Problem description: Once you reach the line with "تشخیص و درمان" in the material below, copy each line exactly up to and including the line with "Johnny Cash Mug Shot T-Shirt", and skip the pictures.

==== Data to process

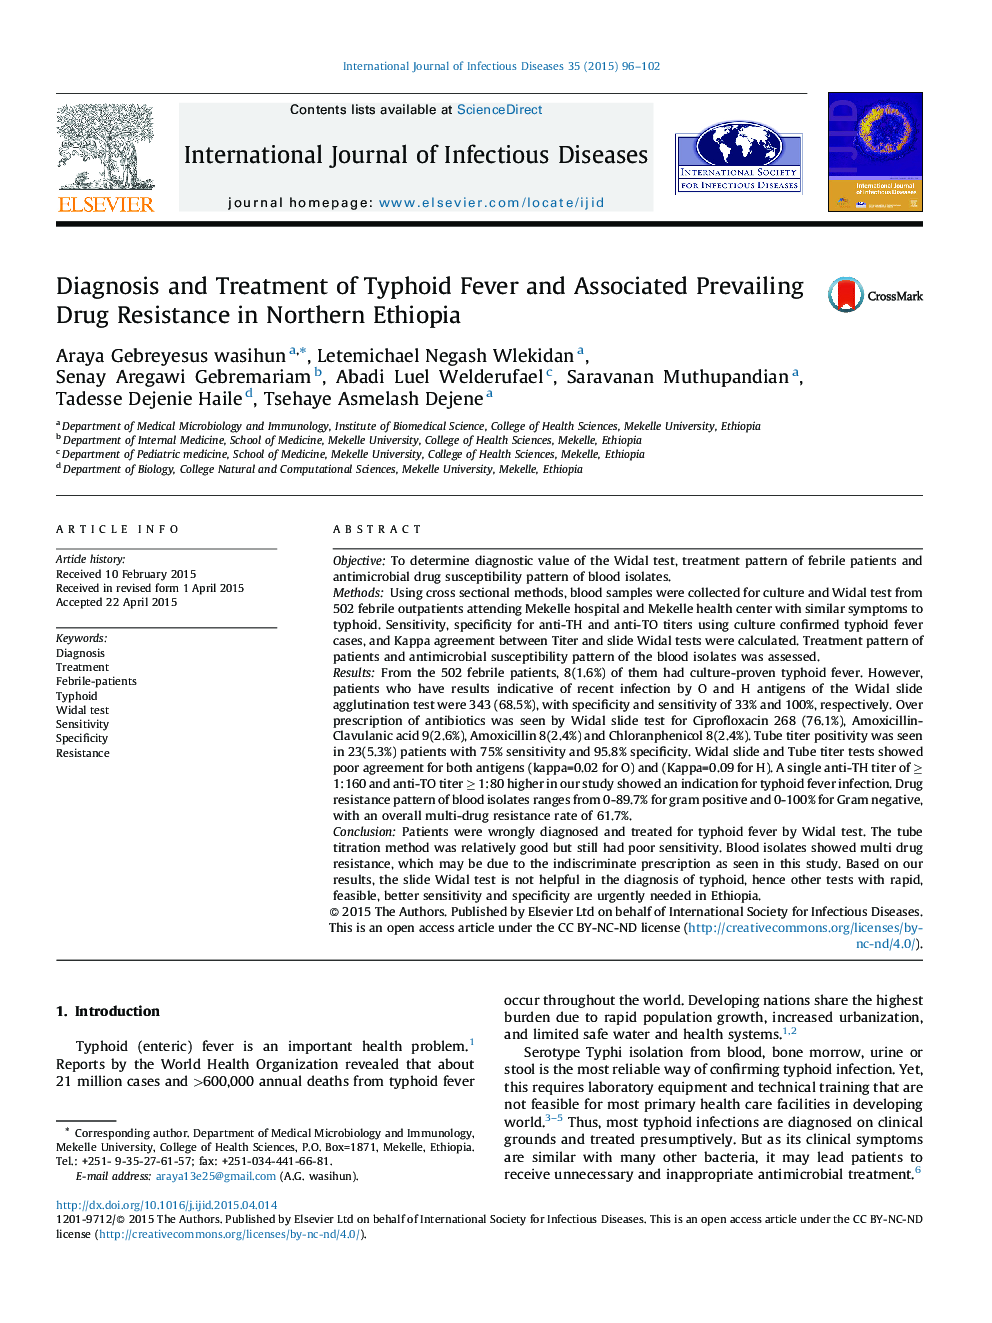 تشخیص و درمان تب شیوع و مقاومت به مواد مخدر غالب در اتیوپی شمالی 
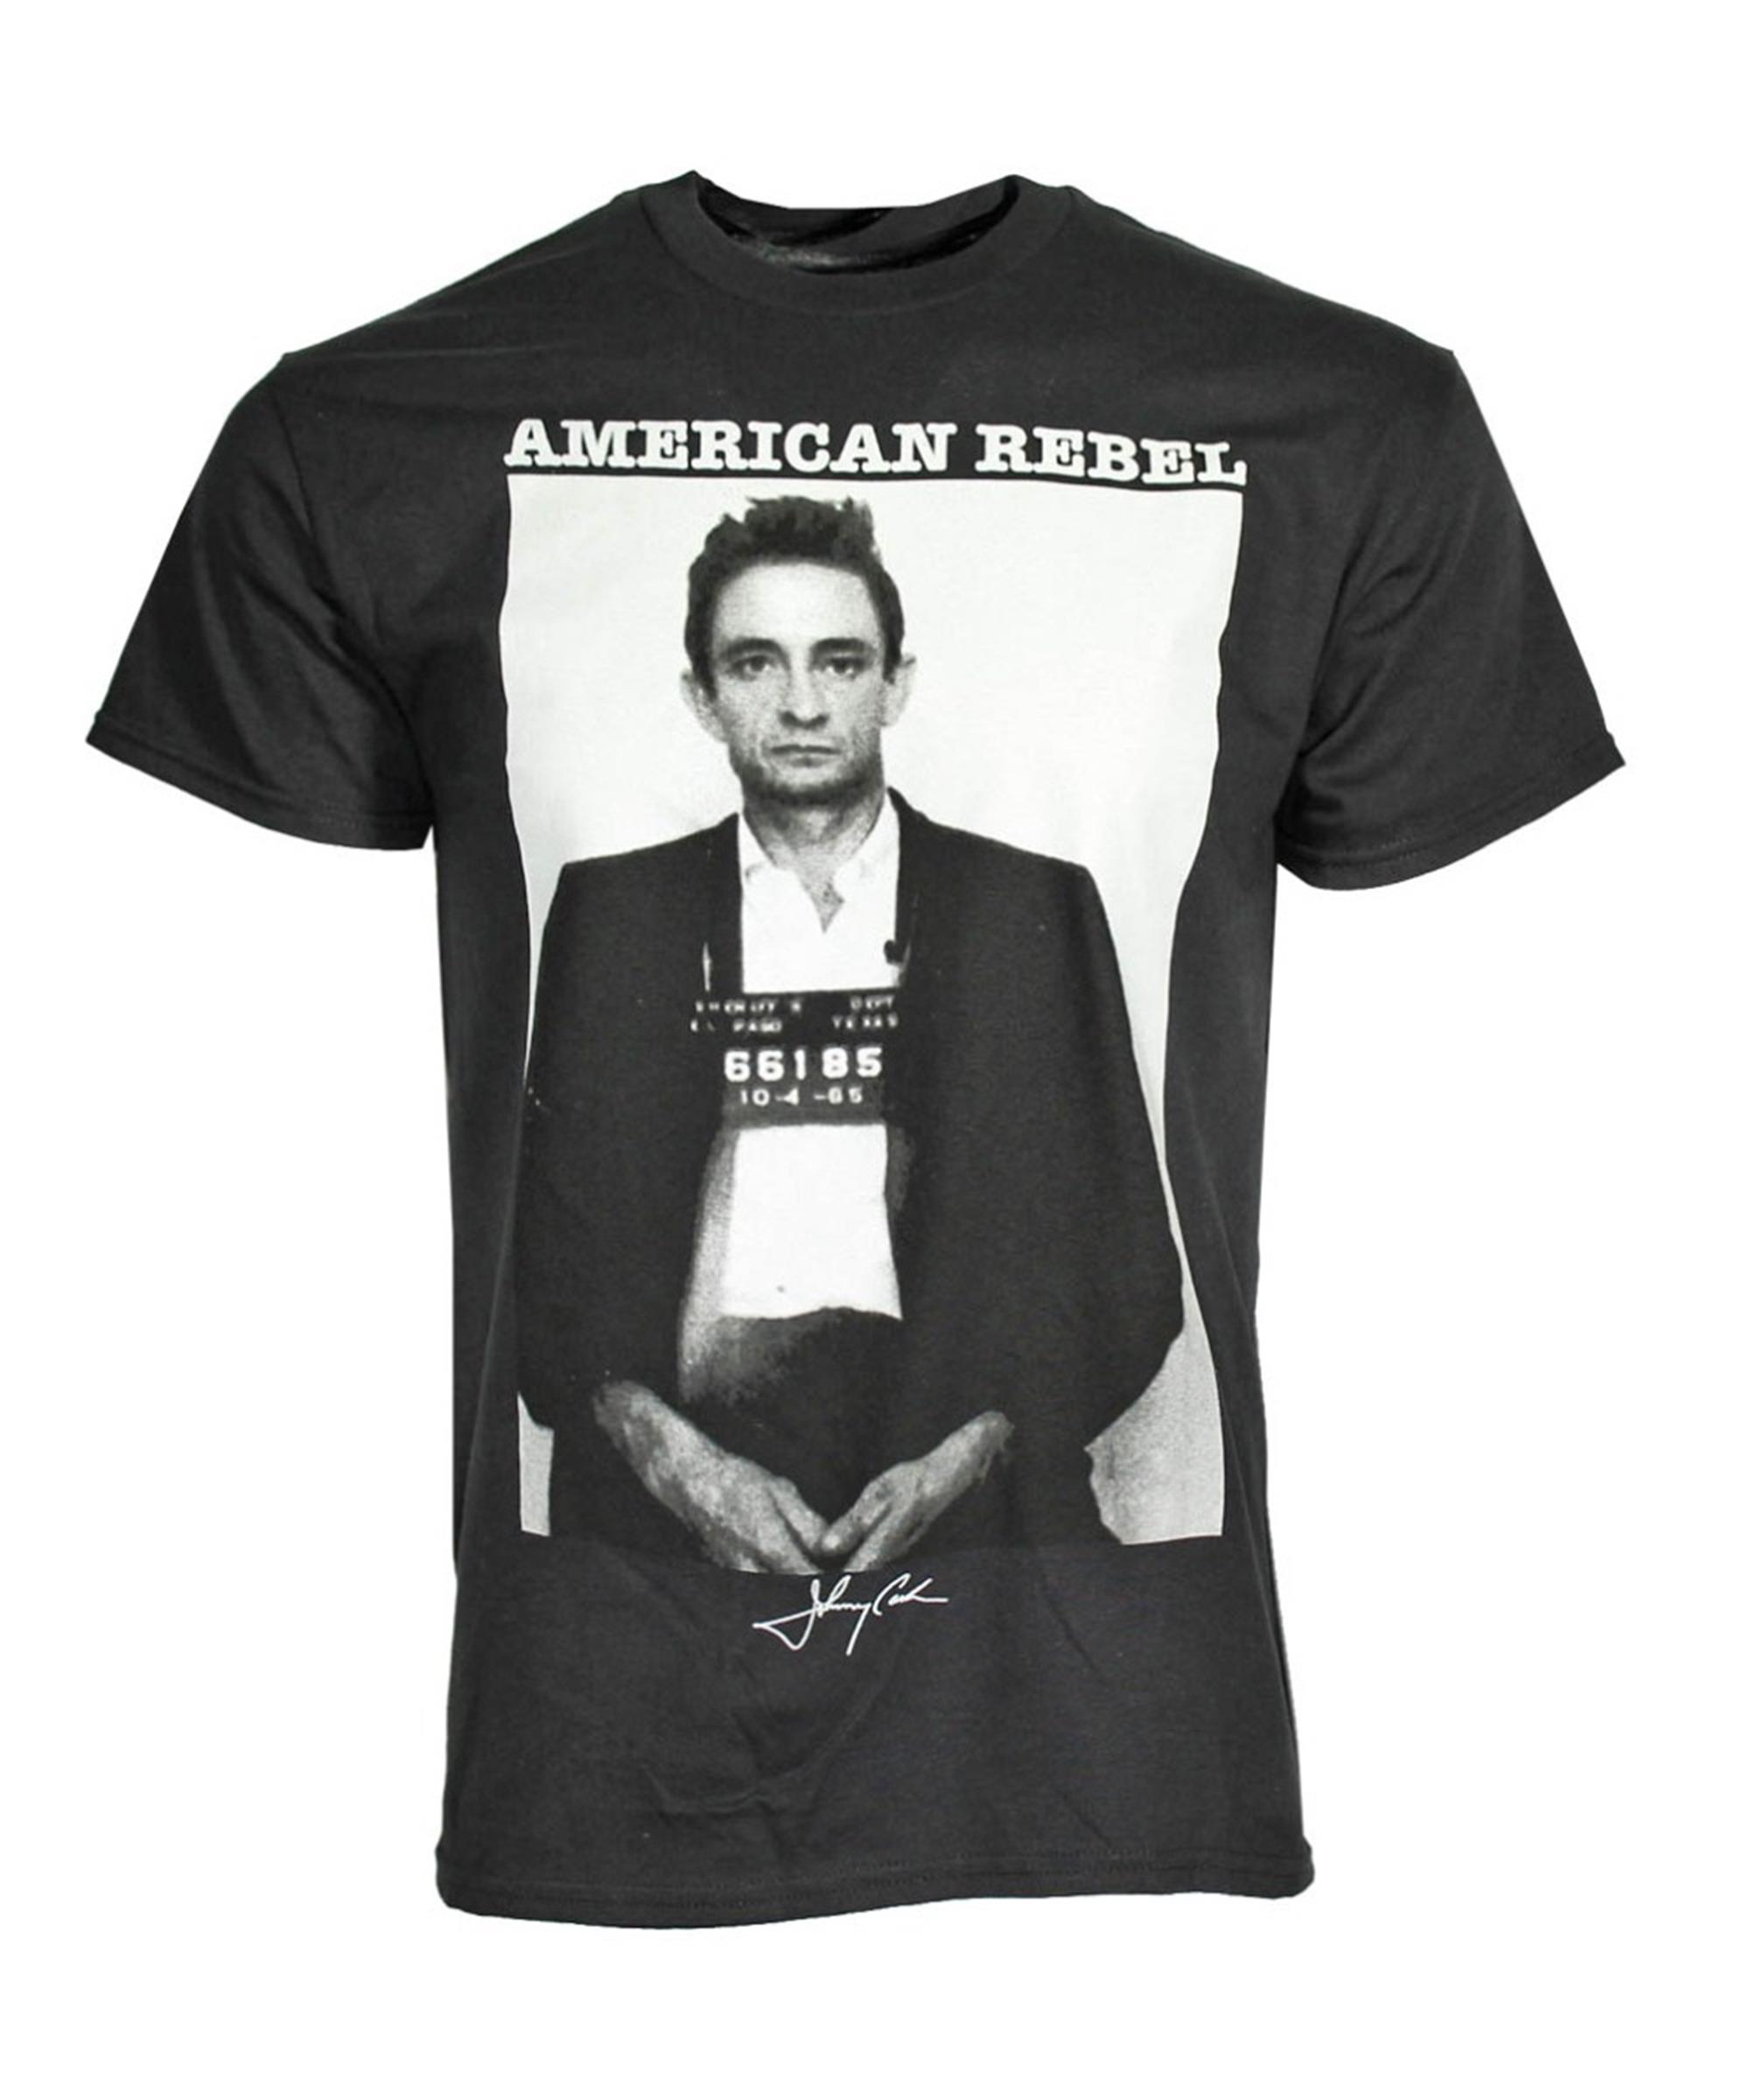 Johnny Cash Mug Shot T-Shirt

========
==== Data to process

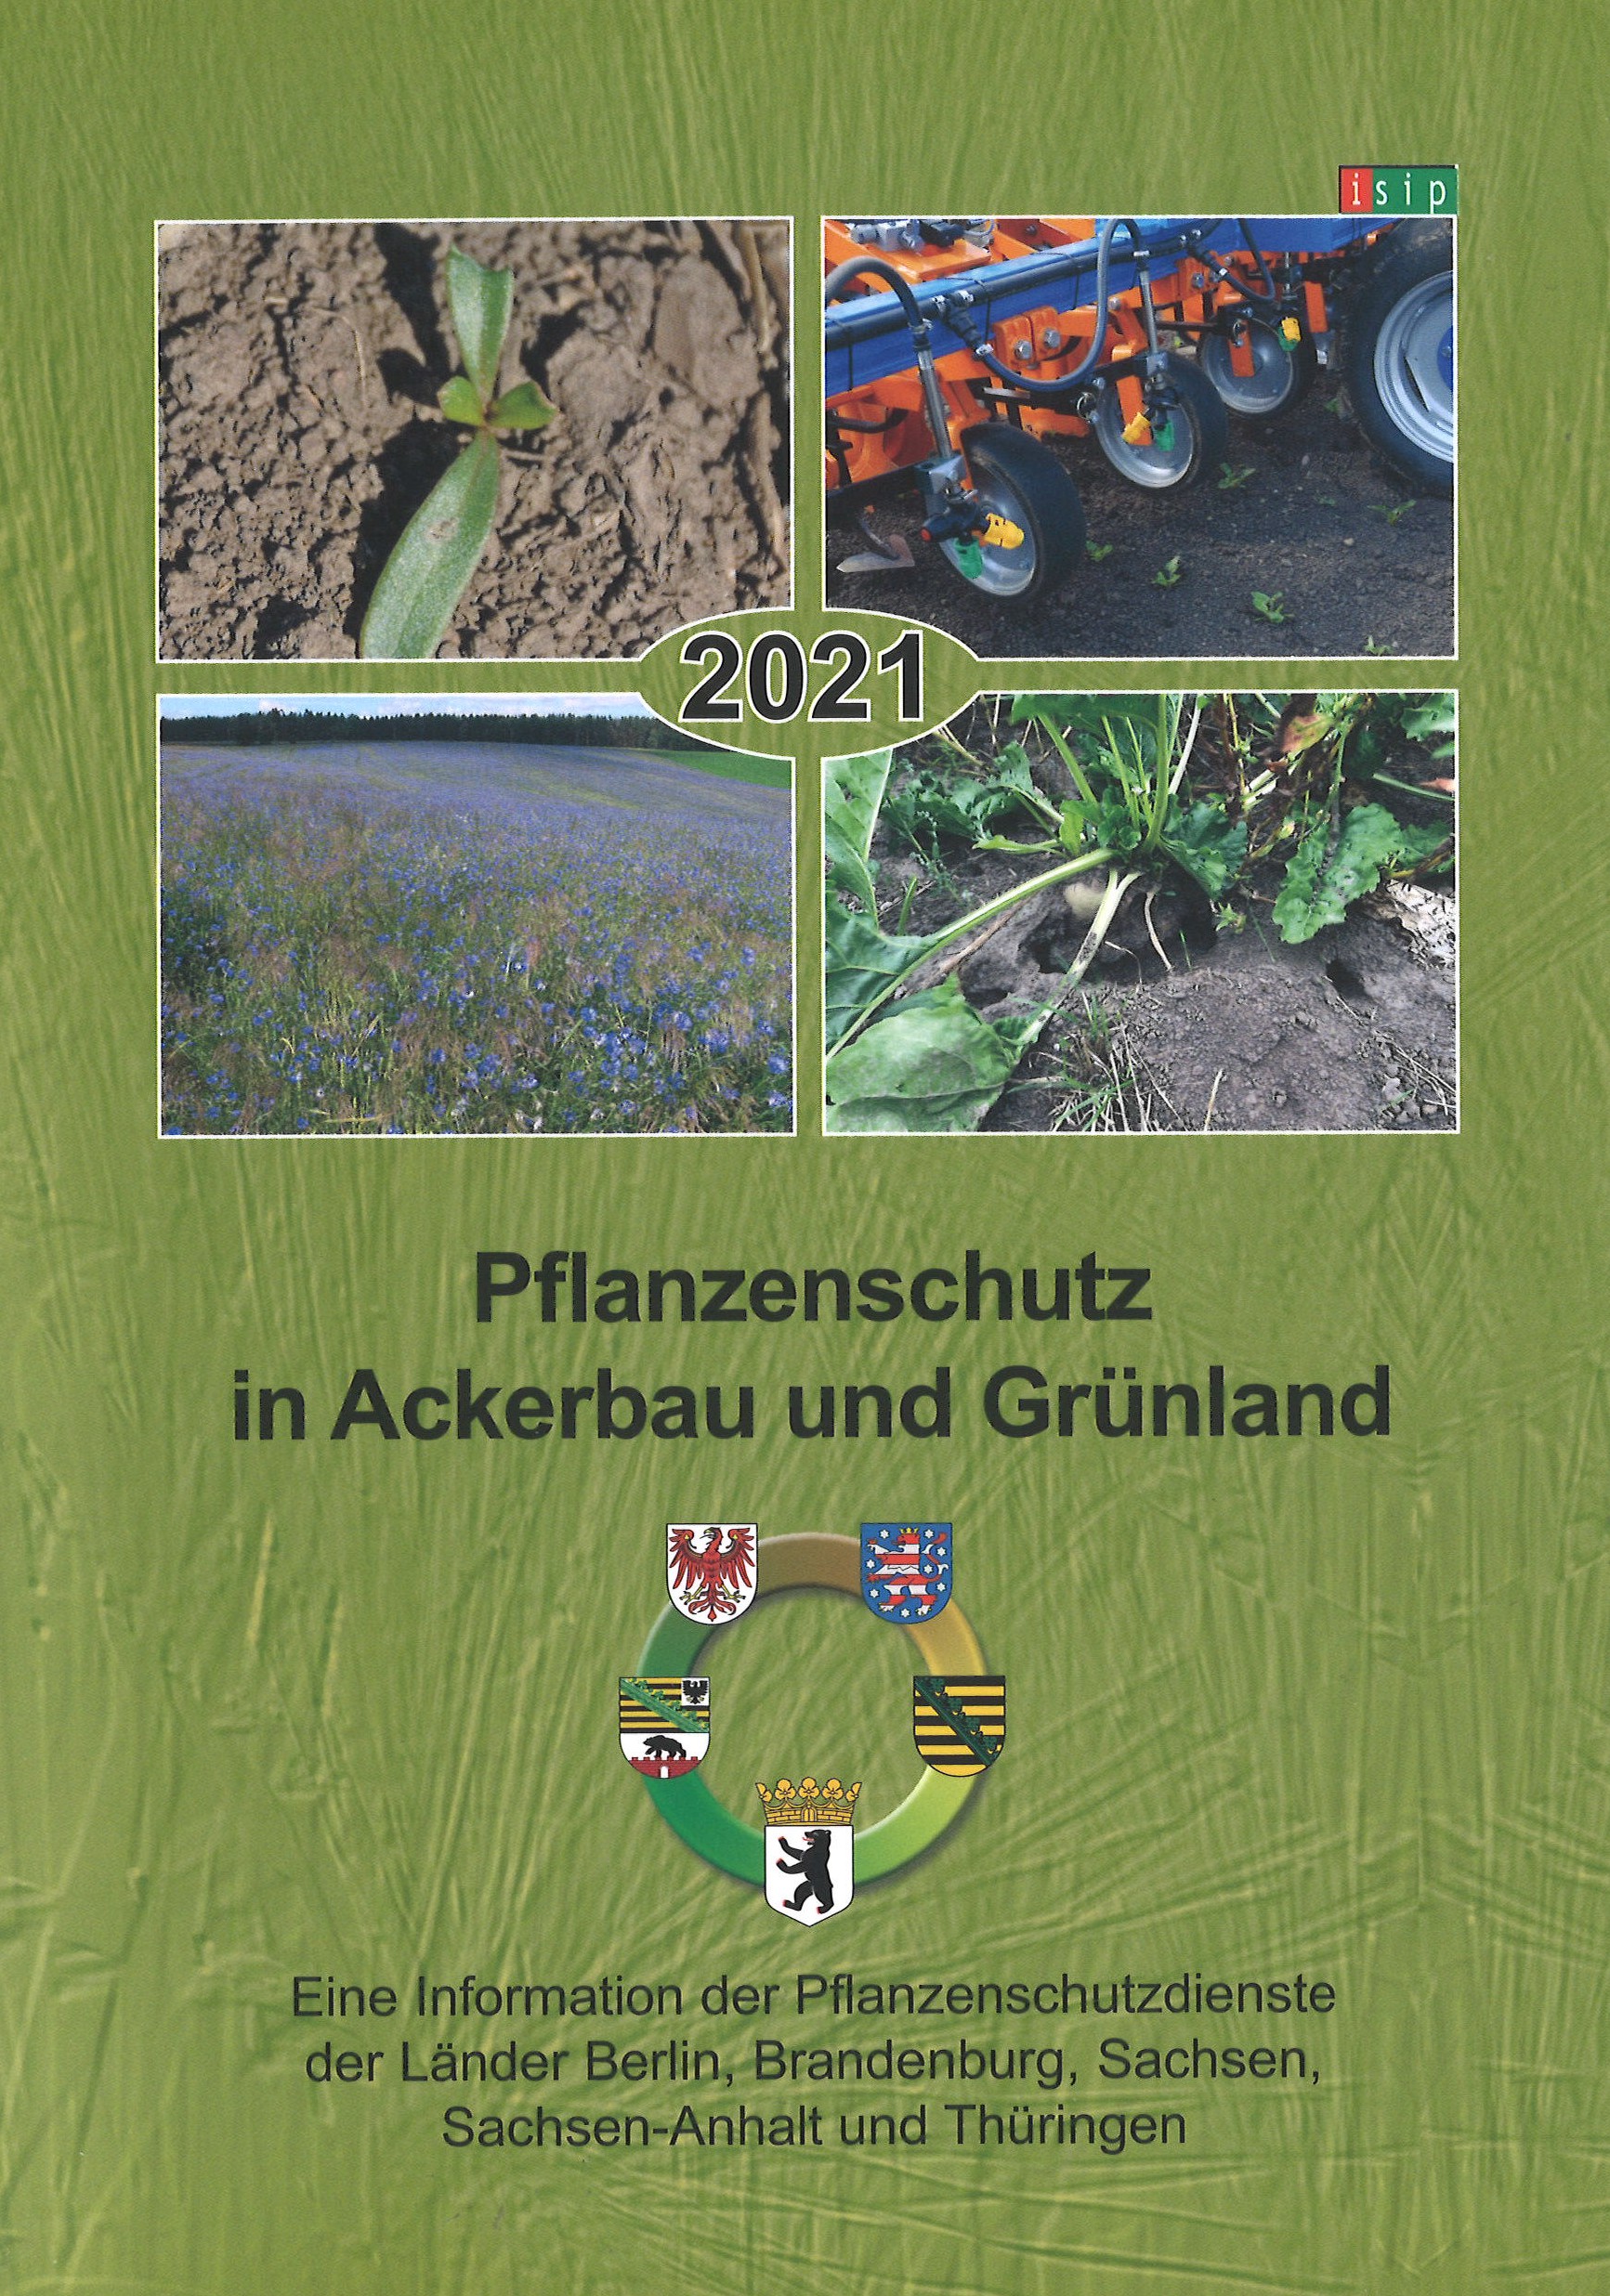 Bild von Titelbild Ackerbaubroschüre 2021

========

Exercise response:
 تشخیص و درمان تب شیوع و مقاومت به مواد مخدر غالب در اتیوپی شمالی 
 Johnny Cash Mug Shot T-Shirt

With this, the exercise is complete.